Reputation: 951
This is a little exercise in combinations and pandas.
I currently have a pandas data frame like:
| node1 | node2| distance|
|Sydney|Canberra|100|
|Melbourne| Sydney| 200|
|Canberra| Melbourne| 150|
I then create a new data frame so column headers and row names are the unique values of the nodes.
mat = pd.DataFrame(index = np.unique(df.node1), columns = np.unique(df.node1))
Either node1 or node2 would suffice here as order doesn't matter when constructing the data frame.
Which produces what I want but filled with NaN values.

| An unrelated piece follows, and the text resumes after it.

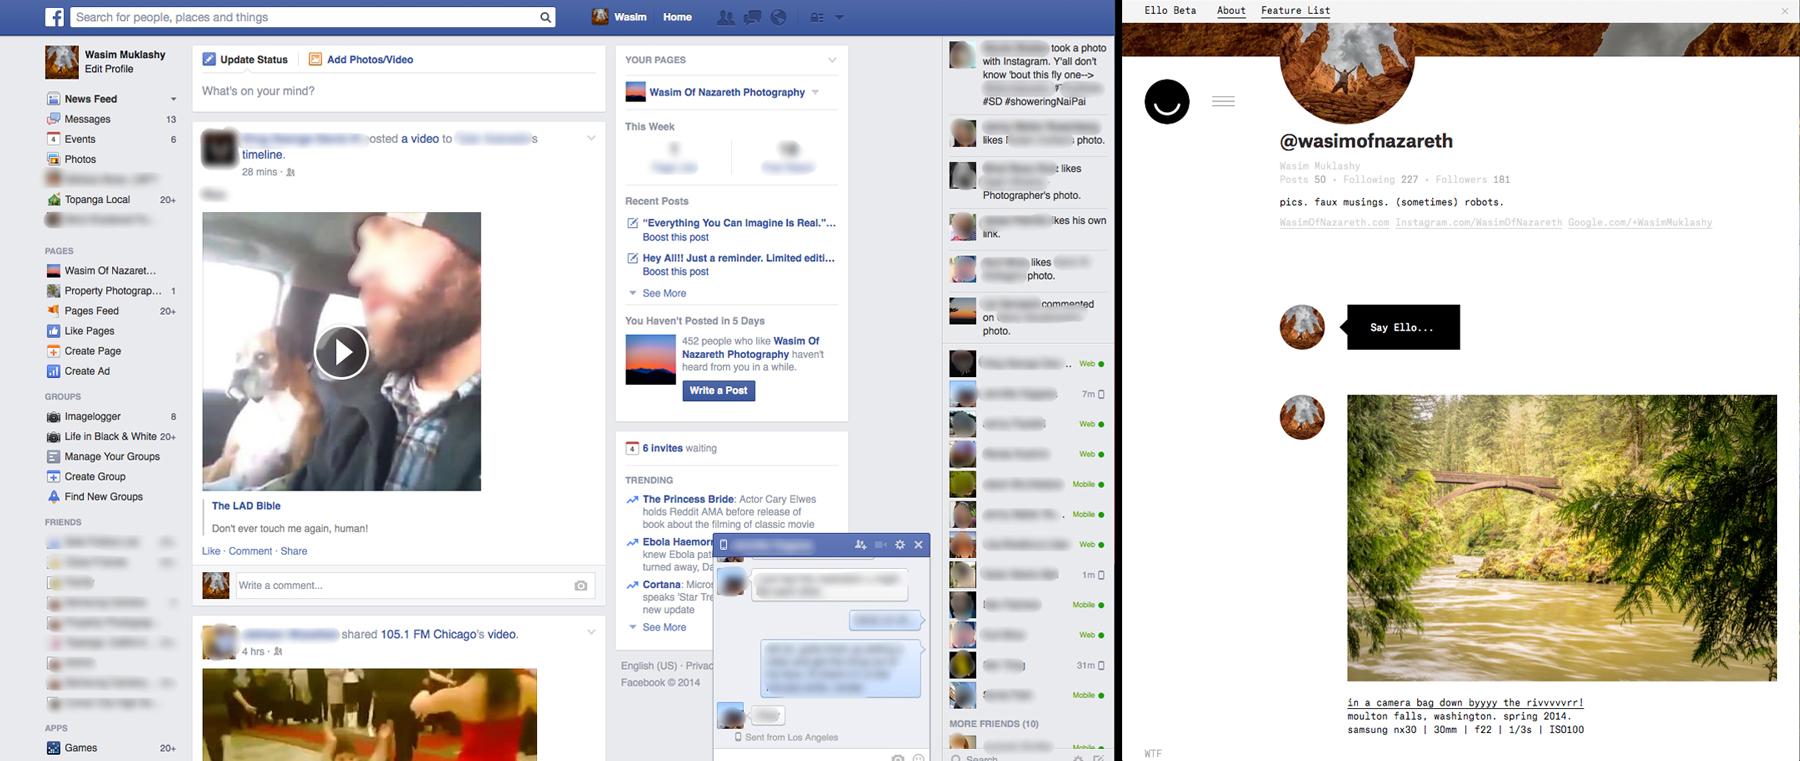 facebook versus ello comparison image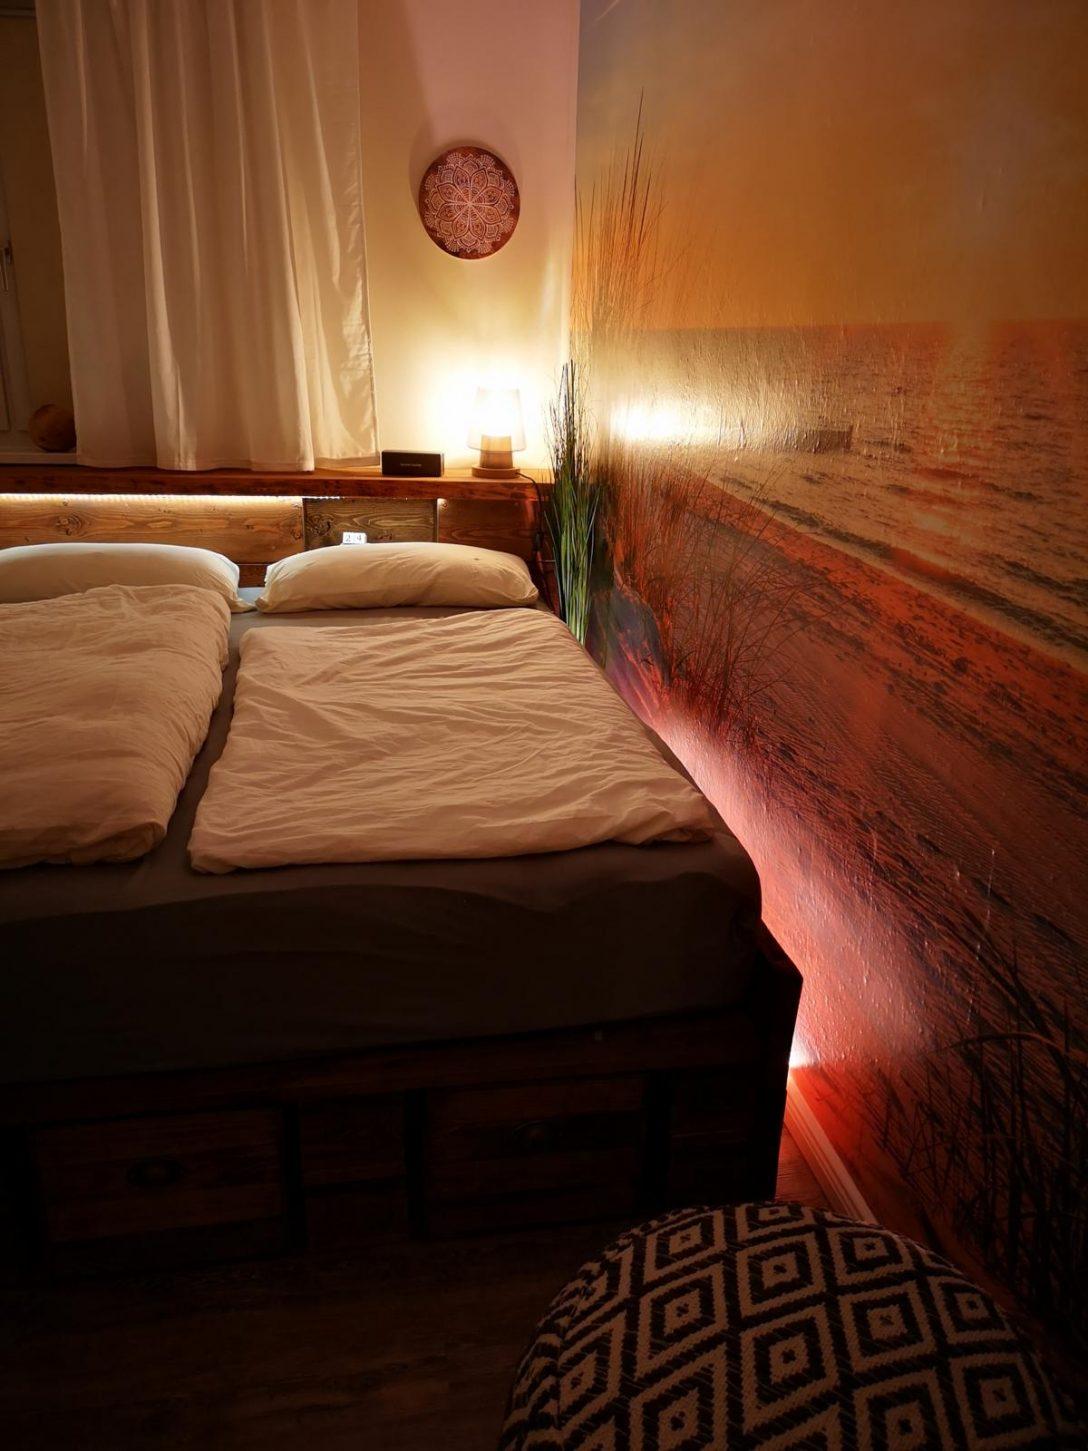 Large Size of Bett Aus Paletten Kaufen Palettenbett Selber Bauen Europaletten Betten Sofa Online Küche Mit Elektrogeräten Bette Badewannen Einzelbett Günstig Moderne Bett Bett Aus Paletten Kaufen

How do I go about filling mat with the values from distance column without writing some ugly loop?
Thanks
Upvotes: 1
Views: 133
Reputation: 863291
First use pivot
or set_index
with unstack
:
mat = df.pivot(index='node1', columns='node2', values='distance')
print (mat)
node2 Canberra Melbourne Sydney
node1
Canberra NaN 150.0 NaN
Melbourne NaN NaN 200.0
Sydney 100.0 NaN NaN
mat = df.set_index(['node1', 'node2'])['distance'].unstack()
print (mat)
node2 Canberra Melbourne Sydney
node1
Canberra NaN 150.0 NaN
Melbourne NaN NaN 200.0
Sydney 100.0 NaN NaN
And then combine_first
with T
:
mat = mat.combine_first(mat.T)
print (mat)
Canberra Melbourne Sydney
node1
Canberra NaN 150.0 100.0
Melbourne 150.0 NaN 200.0
Sydney 100.0 200.0 NaN
Upvotes: 1